WaterDrop allows you to listen to Kafka messages' acknowledgment events. This will enable you to monitor deliveries of messages from WaterDrop even when using asynchronous dispatch methods.

That way, you can make sure, that dispatched messages are acknowledged by Kafka.

producer = WaterDrop::Producer.new do |config|
  config.kafka = { 'bootstrap.servers': 'localhost:9092' }
end

producer.monitor.subscribe('message.acknowledged') do |event|
  producer_id = event[:producer_id]
  offset = event[:offset]

  p "WaterDrop [#{producer_id}] delivered message with offset: #{offset}"
end

loop do
  producer.produce_async(topic: 'events', payload: 'data')

  sleep(1)
end

# WaterDrop [dd8236fff672] delivered message with offset: 32
# WaterDrop [dd8236fff672] delivered message with offset: 33
# WaterDrop [dd8236fff672] delivered message with offset: 34

Datadog and StatsD integration

WaterDrop comes with (optional) full Datadog and StatsD integration that you can use.

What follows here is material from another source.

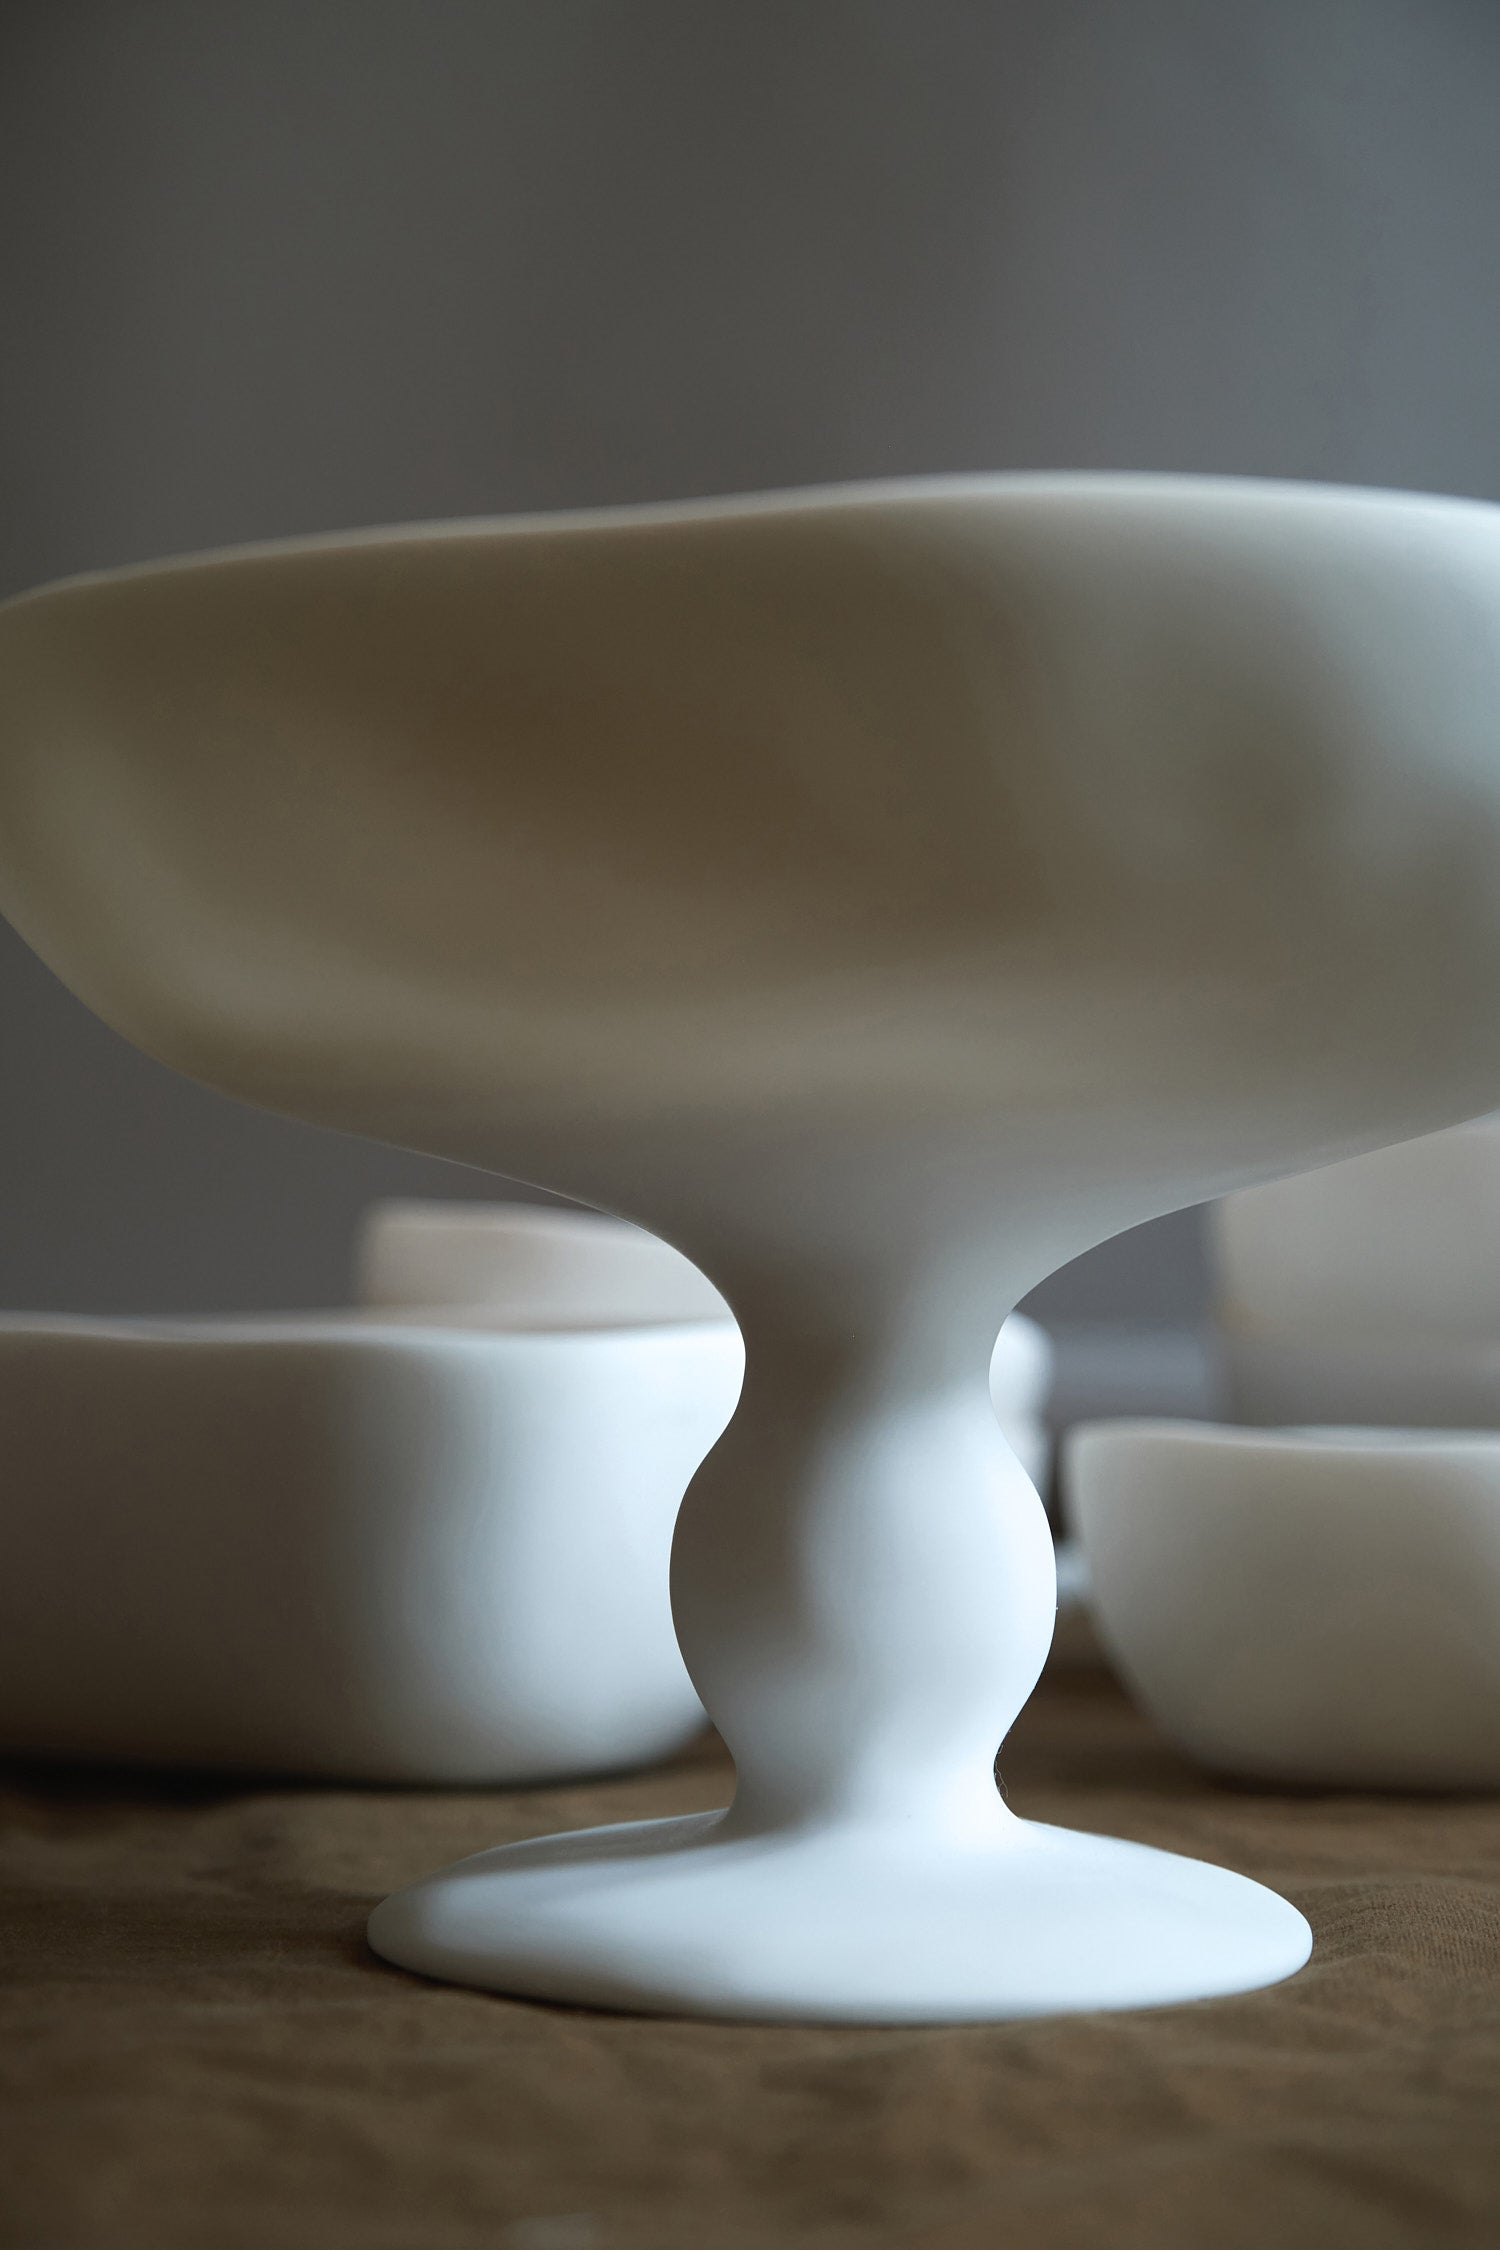 Tina frey pedestal bowl in white

To use it:

# require datadog/statsd and the listener as it is not loaded by default
require 'datadog/statsd'
require 'waterdrop/instrumentation/vendors/datadog/listener'

# initialize your producer with statistics.interval.ms enabled so the metrics are published
producer = WaterDrop::Producer.new do |config|
  config.deliver = true
  config.kafka = {
    'bootstrap.servers': 'localhost:9092',
    'statistics.interval.ms': 1_000
  }
end

# initialize the listener with statsd client
listener = ::WaterDrop::Instrumentation::Vendors::Datadog::Listener.new do |config|
  config.client = Datadog::Statsd.new('localhost', 8125)
  # Publish host as a tag alongside the rest of tags
  config.default_tags = ["host:#{Socket.gethostname}"]
end

# Subscribe with your listener to your producer and you should be ready to go!
producer.monitor.subscribe(listener)

You can also find here a ready to import DataDog dashboard configuration file that you can use to monitor all of your producers.

Example WaterDrop DD dashboard

Forking and potential memory problems

If you work with forked processes, make sure you don't use the producer before the fork. You can easily configure the producer and then fork and use it.

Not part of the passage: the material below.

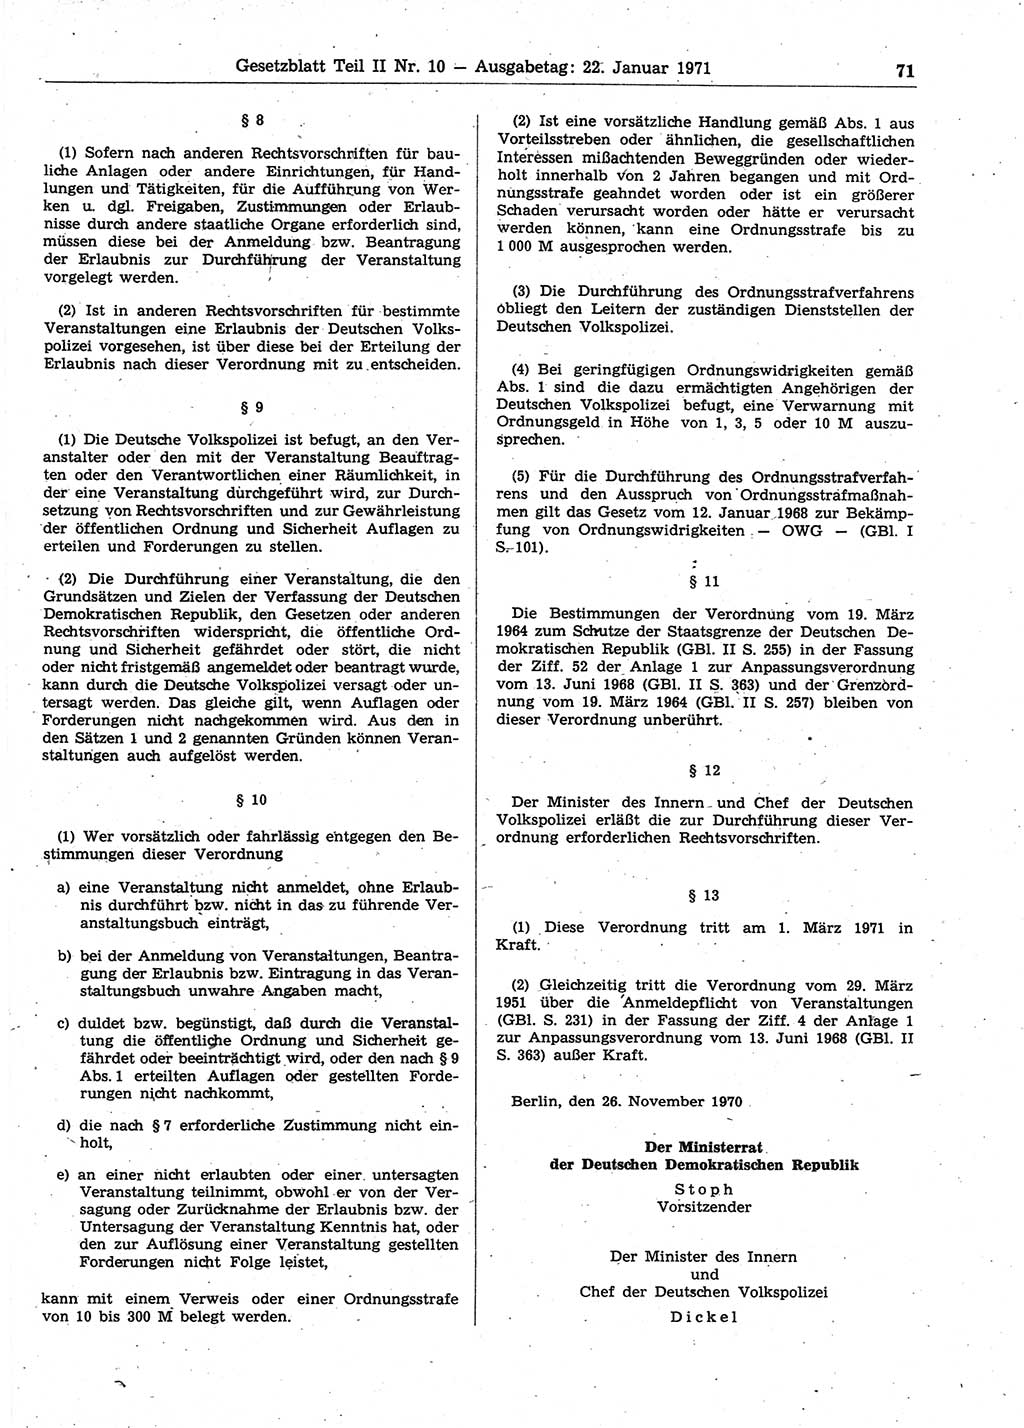 Gesetzblatt (GBl.) der Deutschen Demokratischen Republik (DDR) Teil ⅠⅠ 1971, Seite 71 (GBl. DDR ⅠⅠ 1971, S. 71)
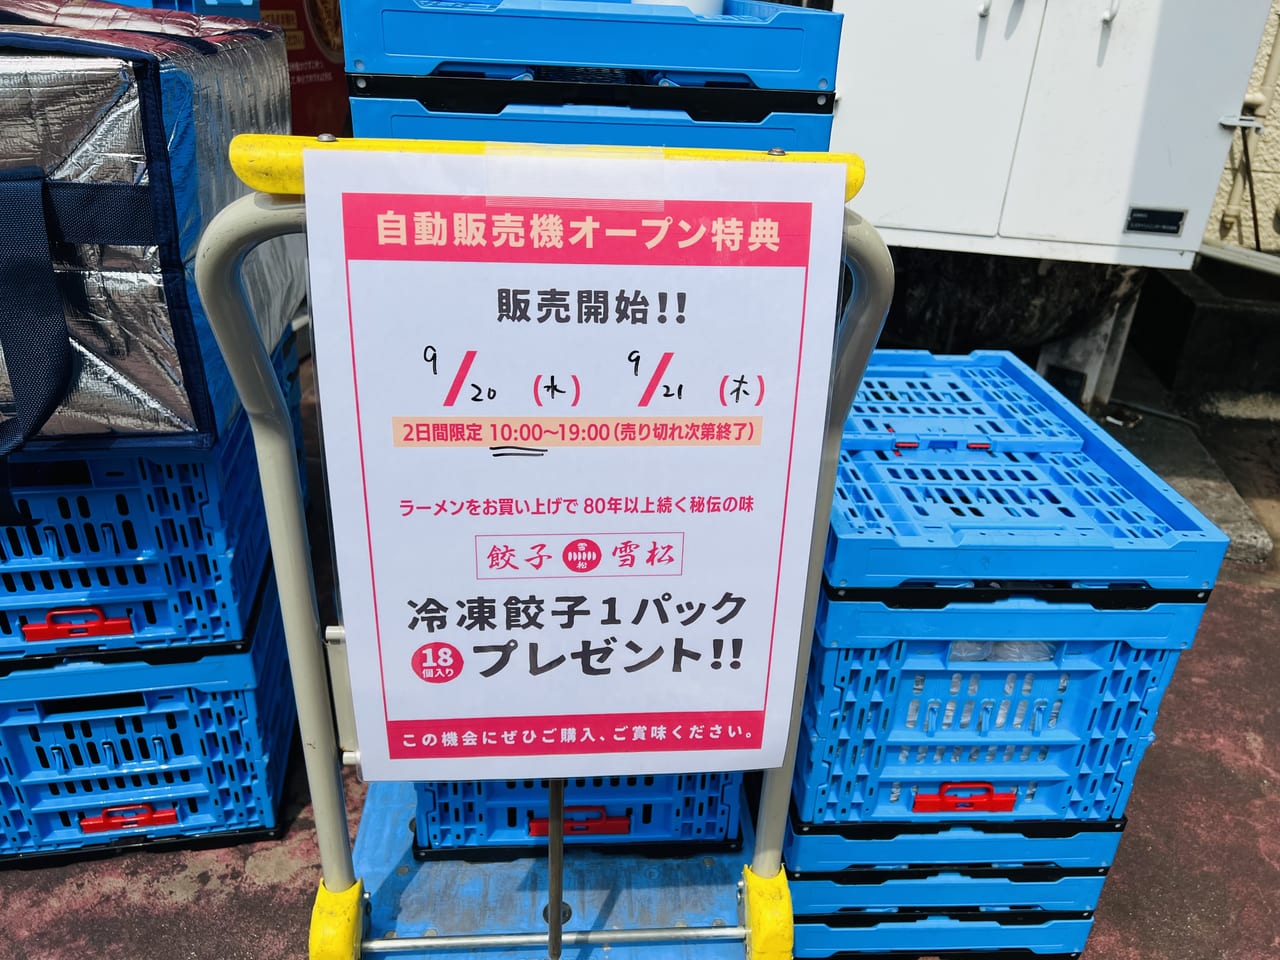 「日本ラーメン科学研究所 イオン高知旭町店」のオープニングキャンペーンの詳細

To tackle this obstacle related to rdkafka, WaterDrop adds finalizer to each of the producers to close the rdkafka client before the Ruby process is shutdown. Due to the nature of the finalizers, this implementation prevents producers from being GCed (except upon VM shutdown) and can cause memory leaks if you don't use persistent/long-lived producers in a long-running process or if you don't use the #close method of a producer when it is no longer needed. Creating a producer instance for each message is anyhow a rather bad idea, so we recommend not to.

Middleware

WaterDrop supports injecting middleware similar to Rack.

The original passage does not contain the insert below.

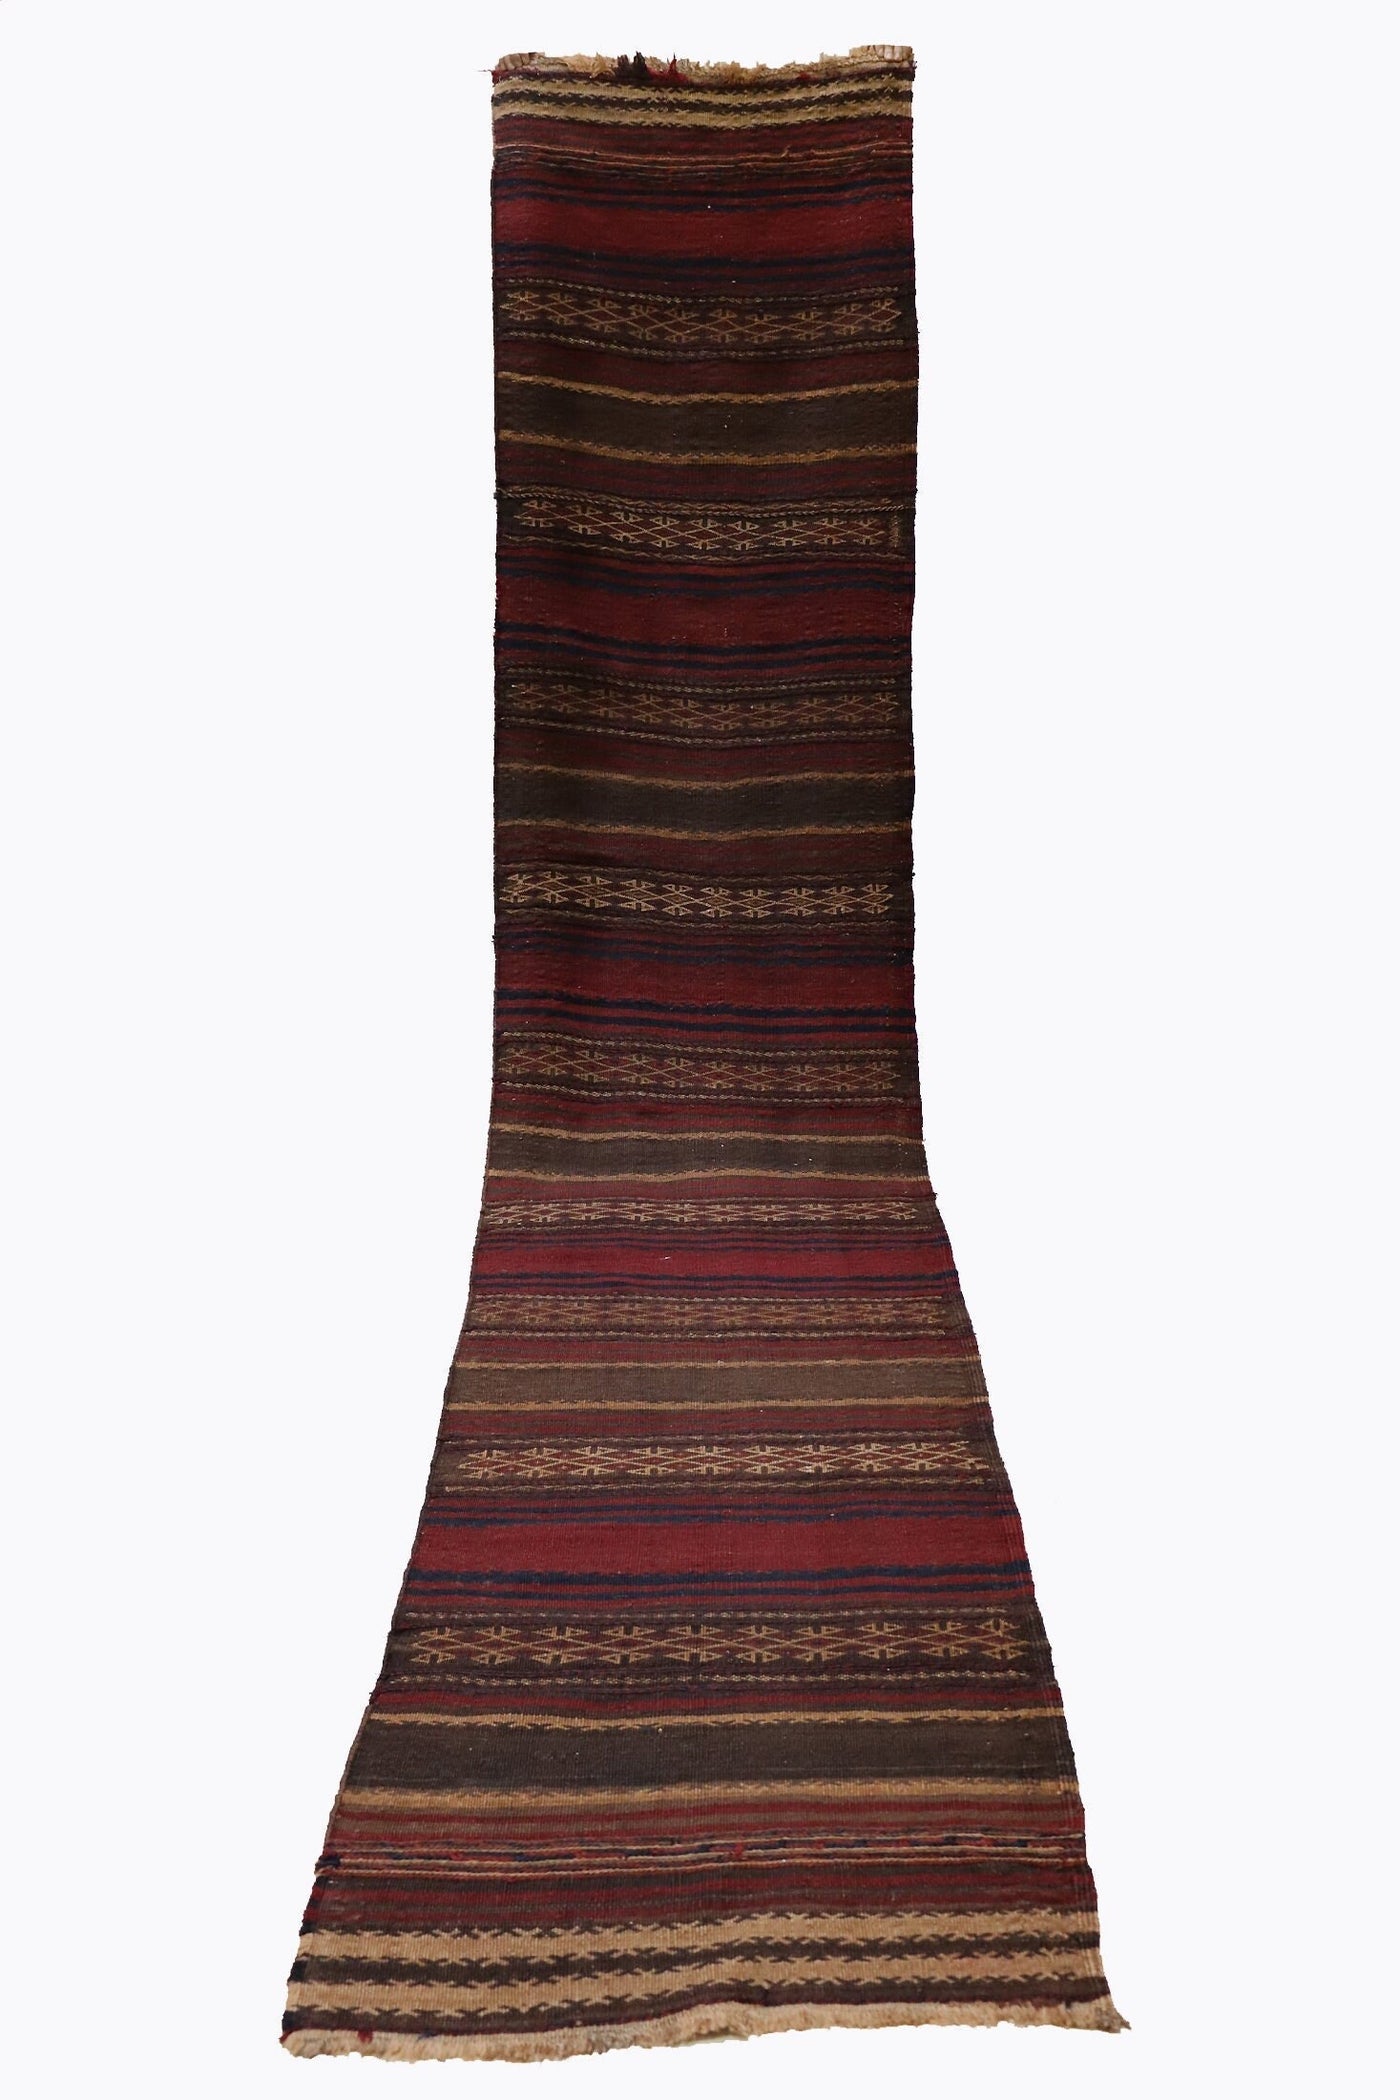 365x75 cm Antik orient handgewebte Teppich Nomaden Balouch sumakh kelim afghan Beloch Flur Läufer kilim Nr-408  Orientsbazar

Middleware can be used to provide extra functionalities like auto-serialization of data or any other modifications of messages before their validation and dispatch.

Each middleware accepts the message hash as input and expects a message hash as a result.

There are two methods to register middlewares:

  • #prepend - registers middleware as the first in the order of execution
  • #append - registers middleware as the last in the order of execution

Below you can find an example middleware that converts the incoming payload into a JSON string by running #to_json automatically:

class AutoMapper
  def call(message)
    message[:payload] = message[:payload].to_json
    message
  end
end

# Register middleware
producer.middleware.append(AutoMapper.new)

# Dispatch without manual casting
producer.produce_async(topic: 'users', payload: user)

Note: It is up to the end user to decide whether to modify the provided message or deep copy it and update the newly created one.

Note on contributions

First, thank you for considering contributing to the Karafka ecosystem! It's people like you that make the open source community such a great community!

Each pull request must pass all the RSpec specs, integration tests and meet our quality requirements.

Fork it, update and wait for the Github Actions results.